Выместив на пленнике всю свою злость, главный жрец повернулся спиной к проповеднику и собирался уже направиться к креслу, но не успел сделать и двух шагов, как вдруг почувствовал на своём горле холодную хватку железной удавки. Дыхание его тут же перехватило. В глазах Каиафы мгновенно потемнело, в голове что-то зашумело. От неожиданности он замахал руками, захрипел, не в силах закричать. Первосвященник не понимал, что происходит, а потому был напуган до смерти. Он не видел, как за его спиной пленник одним ударом плеча свалил на пол одного стражника, потом другого, и словно верёвку набросил цепь своих кандалов на шею Каиафы. Из горла первосвященника продолжал вырываться тяжёлый хрип. Он открыл глаза, но перед ними всё плыло, кружилось, а затем вдруг появились какие-то красные круги, и в ушах послышался чей-то противный визг и хохот. Он схватился руками за железо и постарался ослабить удавку. Навряд ли это ему удалось сделать, если бы не стражники первосвященника и слуги его. Они быстро опомнились и, стаей налетев на пленника, быстро повалили того на каменный пол. Слугам удалось освободить первосвященника, и после этого они стали нещадно и жестоко избивать ногами и палками закованного пленника, делая свою работу с упоением и удовольствием. Это могло продолжаться довольно долго. Слуги готовы были забить проповедника до смерти, но вмешался тесть Иосифа Каиафы.
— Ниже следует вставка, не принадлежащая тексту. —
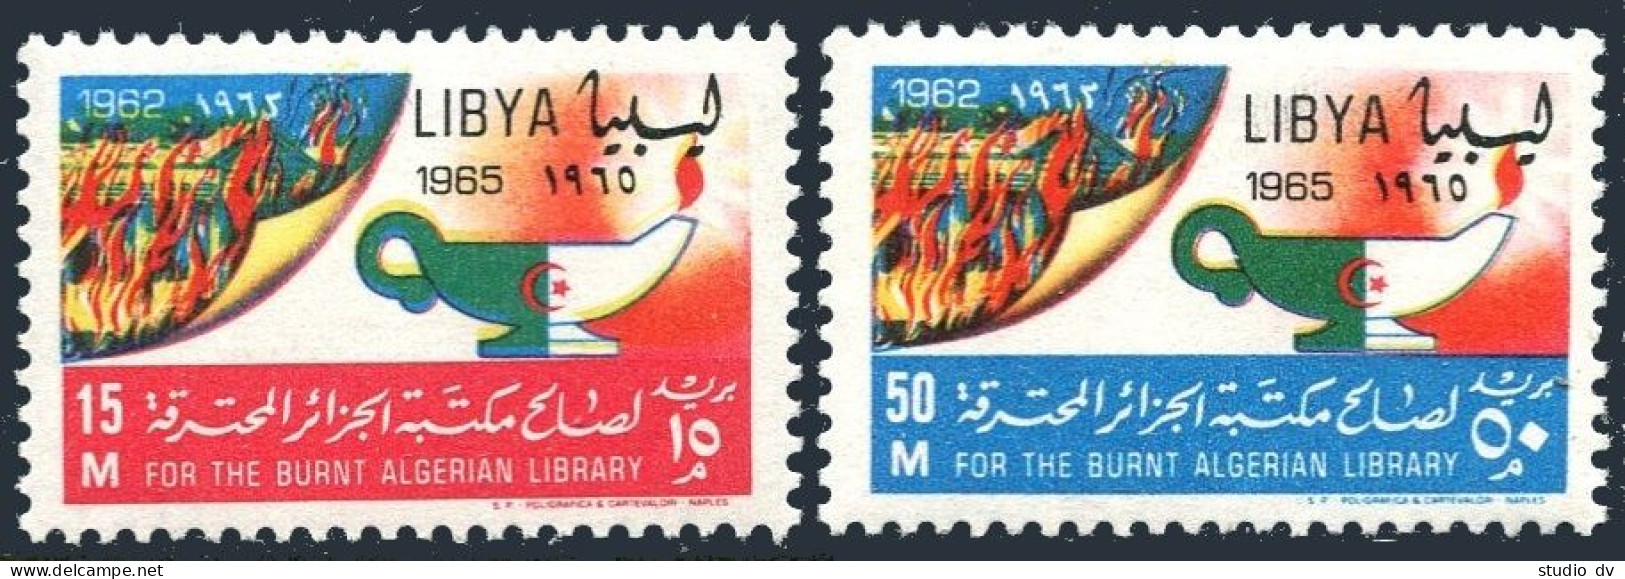 Libya 282-283, MNH. Michel 191-192. Burning Of The Library Of Algiers, 1964. - Libye
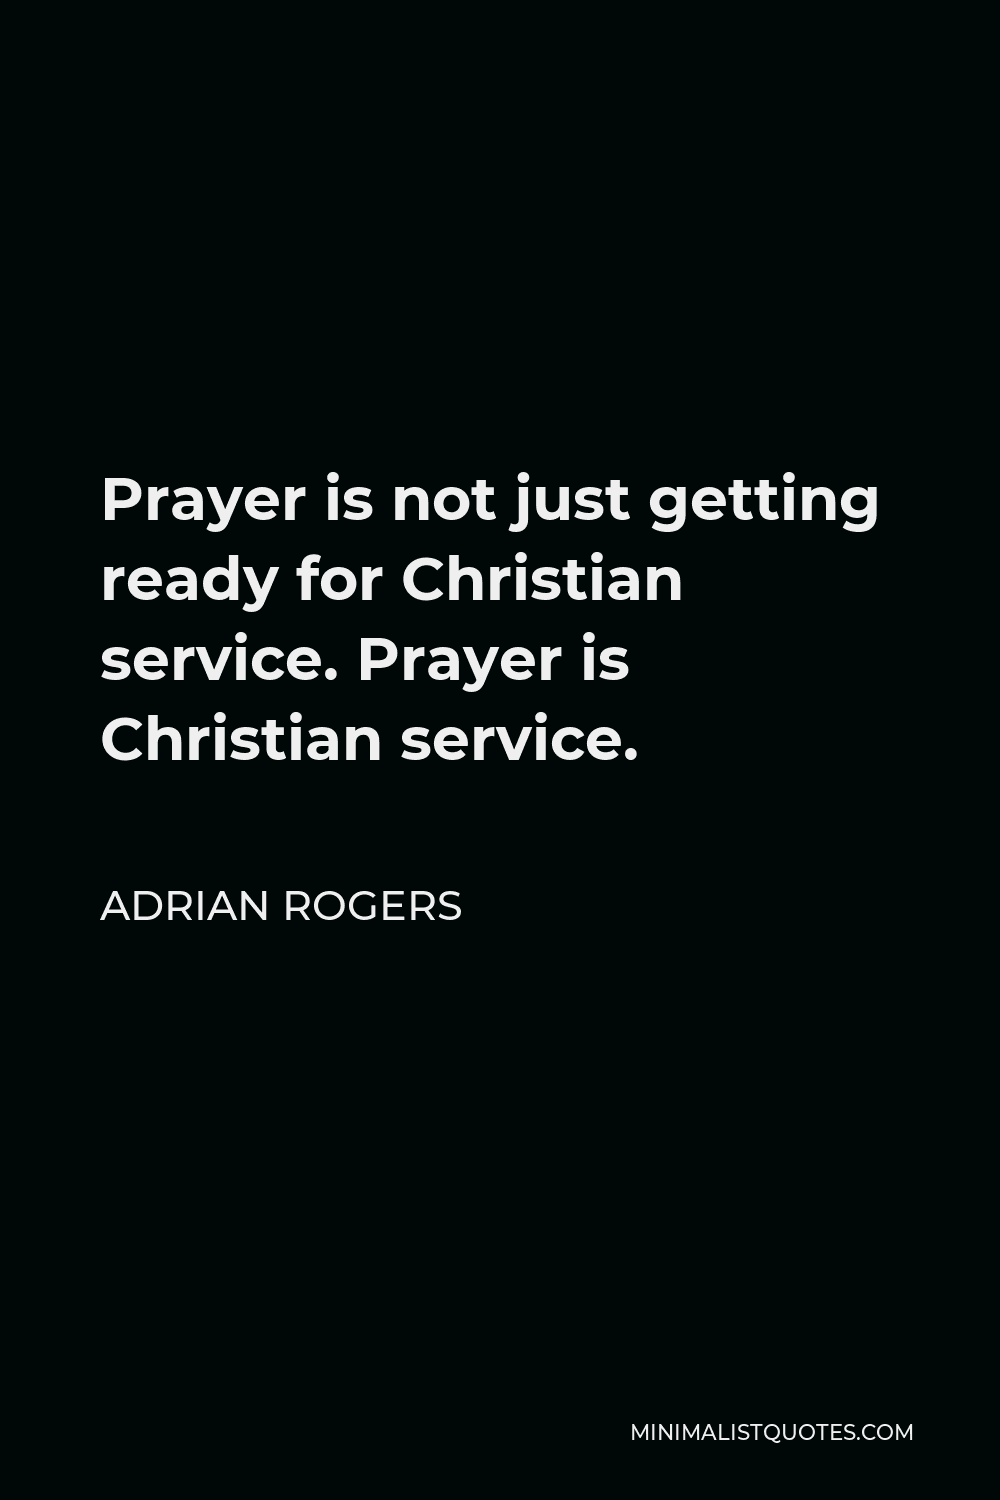 Adrian Rogers Quote - Prayer is not just getting ready for Christian service. Prayer is Christian service.

– Довольно, довольно! – закричал визгливым голосом Ханан, до этого спокойно и молча наблюдавший, как бьют проповедника. – Вы убьёте его, а он нужен нам живой. Это будет слишком быстрая и лёгкая смерть для него.

Слуги не посмели ослушаться приказа бывшего первосвященника, а потому быстро отошли в сторону. Ханан наклонился над лежавшим на каменном полу пленником и прошипел ему прямо в лицо:

– Я узнал тебя, поводырь! – После чего он направился к тяжело дышавшему Каиафе. Тот растирал ставшую багровой от удавки шею, на которой железная цепь оставила красный след. Главный жрец морщился то ли от боли, то ли от досады, но, скорее всего, от злобы, что нельзя здесь же, сию минуту, собственноручно убить ненавистного ему человека.

– А ты, Каиафа, разве ты не помнишь того старого слепого колдуна, что встретился нам лет двадцать назад или чуть больше? – спросил Ханан своего зятя. Первосвященник вздрогнул, услышав вопрос тестя.

– Восемнадцать, – последовал короткий ответ.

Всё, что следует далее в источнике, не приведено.